# Bacon wrapped tenderloin



## missourismoker (Dec 26, 2021)

Son got his first deer this year and so far it has been excellent.  Did a bacon wrapped tenderloin last night.  Every bit as good as the filet I cooked for my wife.  Slowly working on her resistance to deer meat…ha ha.


----------



## bauchjw (Dec 26, 2021)

Wow, that looks perfect! If you’re going to get someone to eat venison, I don’t think there is a better way! Congrats on your sons first deer!


----------



## missourismoker (Dec 26, 2021)

Thank you sir!


----------



## smokerjim (Dec 26, 2021)

Looks excellant


----------



## JLeonard (Dec 26, 2021)

Nothing like a little bacon wrapped free range all organic meat. Thats looks excellent. 
Jim


----------



## Colin1230 (Dec 26, 2021)

Great looking cook! And congrats to your son.


----------



## WaterinHoleBrew (Dec 26, 2021)

Wow, phenomenal job on that venison… cooked to perfection!  

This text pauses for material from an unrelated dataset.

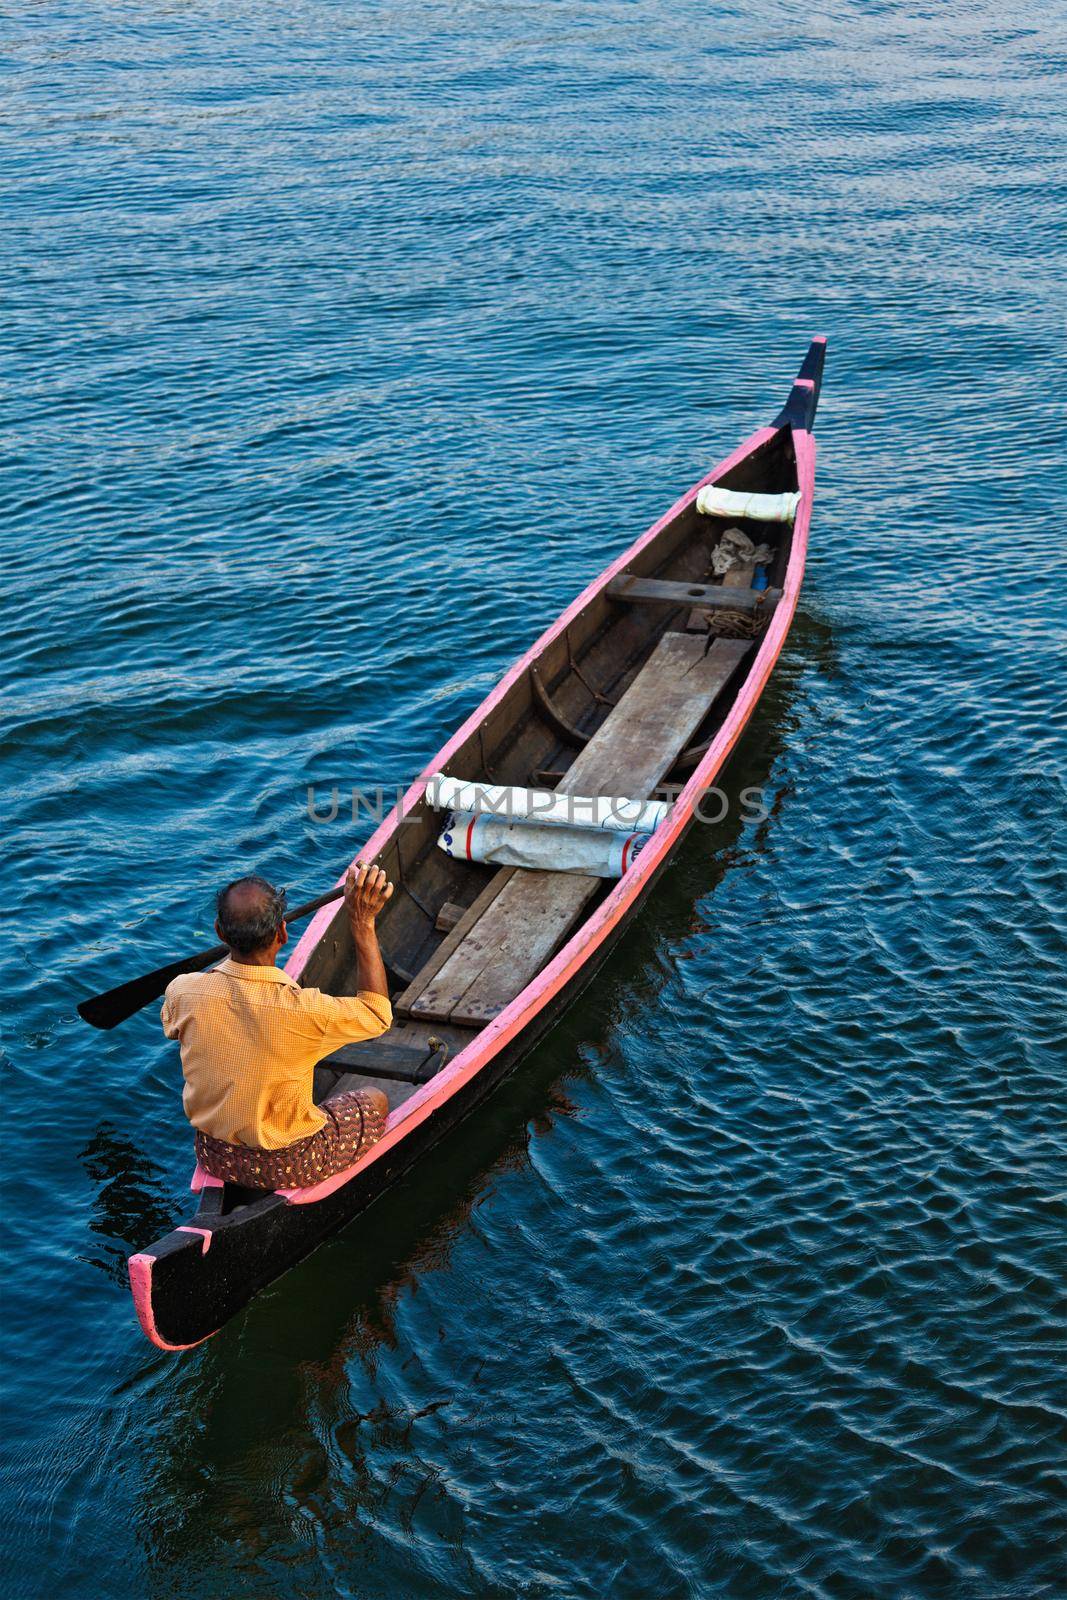 KERALA, INDIA - MAY 5, 2010: Indian man in small canoe boat in backwaters. Kerala backwaters are both major tourist attraction and integral part of local people life in Kerala

Also, congrats to your son… that is awesome!


----------



## missourismoker (Dec 26, 2021)

Thanks guys!

this was my first cook with venison tenderloin.  I just smoked it until about 130 IT and then went direct flame for 30 sec or so per side to make the bacon crispy.  Curious to see what the preferred method you guys use for venison.  I was paranoid about drying it out so I felt like I could control that better this way.


----------